/---
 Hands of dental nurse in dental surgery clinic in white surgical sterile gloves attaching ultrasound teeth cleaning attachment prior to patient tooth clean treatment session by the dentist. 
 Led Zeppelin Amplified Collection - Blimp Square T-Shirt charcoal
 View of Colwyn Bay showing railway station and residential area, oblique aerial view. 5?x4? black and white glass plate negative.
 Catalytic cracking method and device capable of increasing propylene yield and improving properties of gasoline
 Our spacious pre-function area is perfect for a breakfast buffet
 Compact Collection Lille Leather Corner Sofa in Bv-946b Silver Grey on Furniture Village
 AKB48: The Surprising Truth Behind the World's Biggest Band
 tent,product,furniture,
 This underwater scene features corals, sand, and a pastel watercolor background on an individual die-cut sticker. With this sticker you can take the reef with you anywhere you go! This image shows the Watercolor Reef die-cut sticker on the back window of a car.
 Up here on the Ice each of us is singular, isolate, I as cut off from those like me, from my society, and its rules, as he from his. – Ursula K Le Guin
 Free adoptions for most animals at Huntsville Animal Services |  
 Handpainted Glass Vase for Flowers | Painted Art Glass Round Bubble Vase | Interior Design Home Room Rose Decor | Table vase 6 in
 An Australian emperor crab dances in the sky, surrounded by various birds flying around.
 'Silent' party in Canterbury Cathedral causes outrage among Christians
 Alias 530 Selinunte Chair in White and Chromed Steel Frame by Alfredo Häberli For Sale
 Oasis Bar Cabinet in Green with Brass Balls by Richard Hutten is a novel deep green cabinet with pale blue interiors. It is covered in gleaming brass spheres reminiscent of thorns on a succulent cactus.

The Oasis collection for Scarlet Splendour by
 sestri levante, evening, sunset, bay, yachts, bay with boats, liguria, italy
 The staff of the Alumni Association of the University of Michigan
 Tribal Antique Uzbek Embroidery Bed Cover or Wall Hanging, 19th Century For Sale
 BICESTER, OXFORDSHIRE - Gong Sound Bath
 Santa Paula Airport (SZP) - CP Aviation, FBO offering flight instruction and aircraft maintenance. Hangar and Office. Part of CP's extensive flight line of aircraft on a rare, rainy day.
\---
[EXERCISE AIM]
Could you retype exactly the lines above, starting at the line that contains "Our spacious pre-function" and ending at the line that contains "An Australian emperor", and nothing more?

[ANSWER TO THIS PROBLEM]
 Our spacious pre-function area is perfect for a breakfast buffet
 Compact Collection Lille Leather Corner Sofa in Bv-946b Silver Grey on Furniture Village
 AKB48: The Surprising Truth Behind the World's Biggest Band
 tent,product,furniture,
 This underwater scene features corals, sand, and a pastel watercolor background on an individual die-cut sticker. With this sticker you can take the reef with you anywhere you go! This image shows the Watercolor Reef die-cut sticker on the back window of a car.
 Up here on the Ice each of us is singular, isolate, I as cut off from those like me, from my society, and its rules, as he from his. – Ursula K Le Guin
 Free adoptions for most animals at Huntsville Animal Services |  
 Handpainted Glass Vase for Flowers | Painted Art Glass Round Bubble Vase | Interior Design Home Room Rose Decor | Table vase 6 in
 An Australian emperor crab dances in the sky, surrounded by various birds flying around.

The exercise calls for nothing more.